Transparent proxies – transparent proxies act the same way but they are “transparent” to the client meaning they will use a method of hijacking the traffic, evaluate if it should be allowed or not, and then take an action. The client has no configuration or knowledge of the proxy.

The issue with TLS and proxies

Proxies act like a “man-in-the-middle” and it makes TLS traffic an issue. For a proxy to work, it will need to decrypt the client traffic which brakes the whole idea of encryption between the source (client) and target (destination server). To go around it, proxies will participate in the exchange of keys and certificates meaning they will present their certificates to the endpoints. This brings extra configuration to the proxy and management of certificates.

SNI and Squid

Some time ago there was an extension to the TLS protocol which adds a Server Name Indication (SNI) field to the header. The SNI field contains the actual Internet host that the client requested access to and it is not encrypted. So, a proxy could look into that field and evaluate if the target host is allowed or not without decrypting the traffic.

Note: in TLS 1.3 the option to encrypt the SNI was introduced which, if used, will prevent the proxy to work in a non-invasive manner.

Squid is one of the most used applications for building proxies. It is available on all major Operating Systems. Furthermore, starting in version 3.5, Squid introduced the concept of Peek and Splice which allows a Squid proxy to simply look at the SNI, compare it to a list of allowed or blocked targets and take action.
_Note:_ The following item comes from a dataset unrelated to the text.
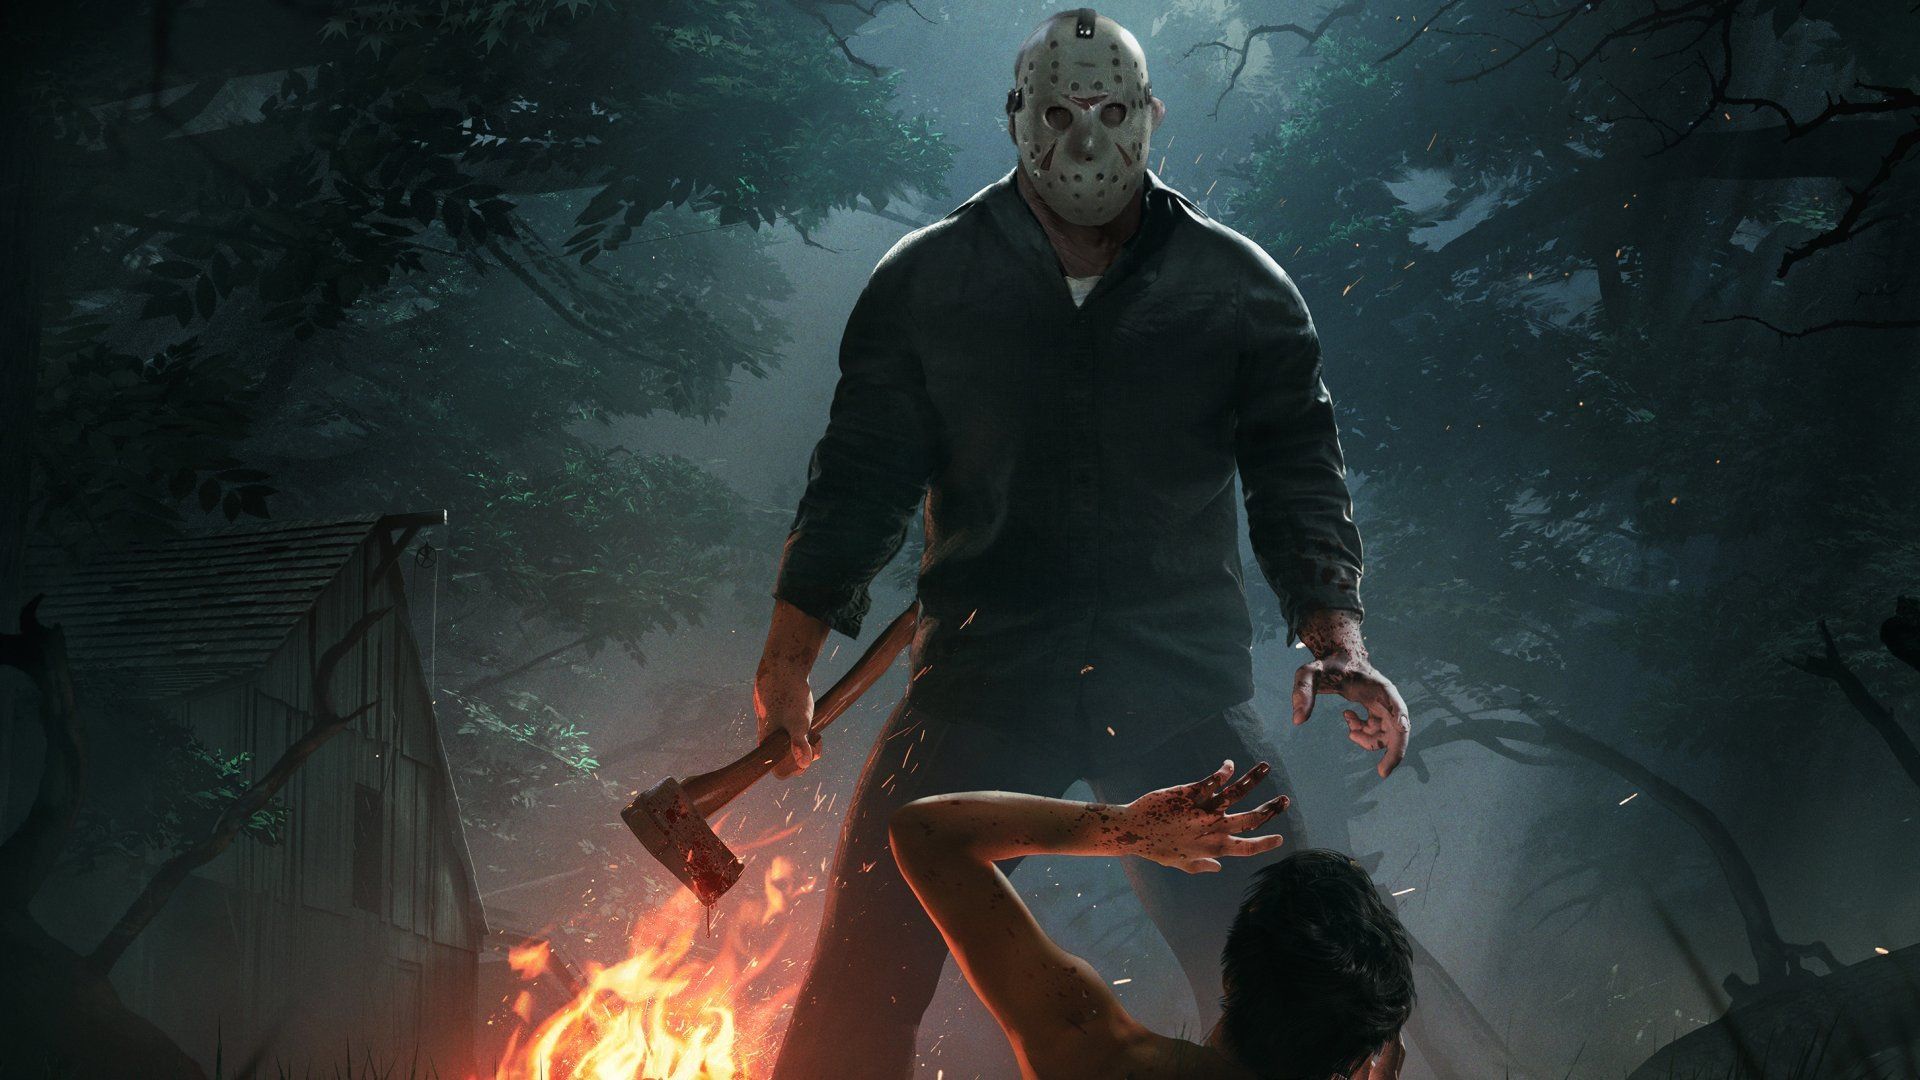 Friday the 13th shutting down dedicated servers this month, just in

The value add is that Squid does this in a non-intrusive way which allows the clients and the Internet servers to exchange certificates directly as if the proxy was not there.

The official Squid documentation is here: https://wiki.squid-cache.org/Features/SslPeekAndSplice#Peek_at_SNI_and_Splice

2. LAB

We will build a pair of Squid proxies in the OCI cloud and we will test domain whitelisting. The diagram of the lab can be seen below:

lab diagram

Test Setup

A. We will build a Squid proxy with the following details:

OS: Oracle Linux 8, Compute Shape can be anything that suits your needs
Default Squid installation
We will build firewall policies in the OS to hijack the client traffic and reroute it to Squid ports
- TCP 80 traffic will be redirected to TCP 3129
- TCP 443 traffic will be redirected to TCP 3130
We will use the Peek and Splice feature of Squid so the proxy will not take part in the certificate exchange between client and destination thus it will be a fully transparent proxy

B. We will duplicate the configuration on a second Squid proxy in the same subnet but a different AD.

C. We will deploy a network load balancer to provide High Availability for the solution.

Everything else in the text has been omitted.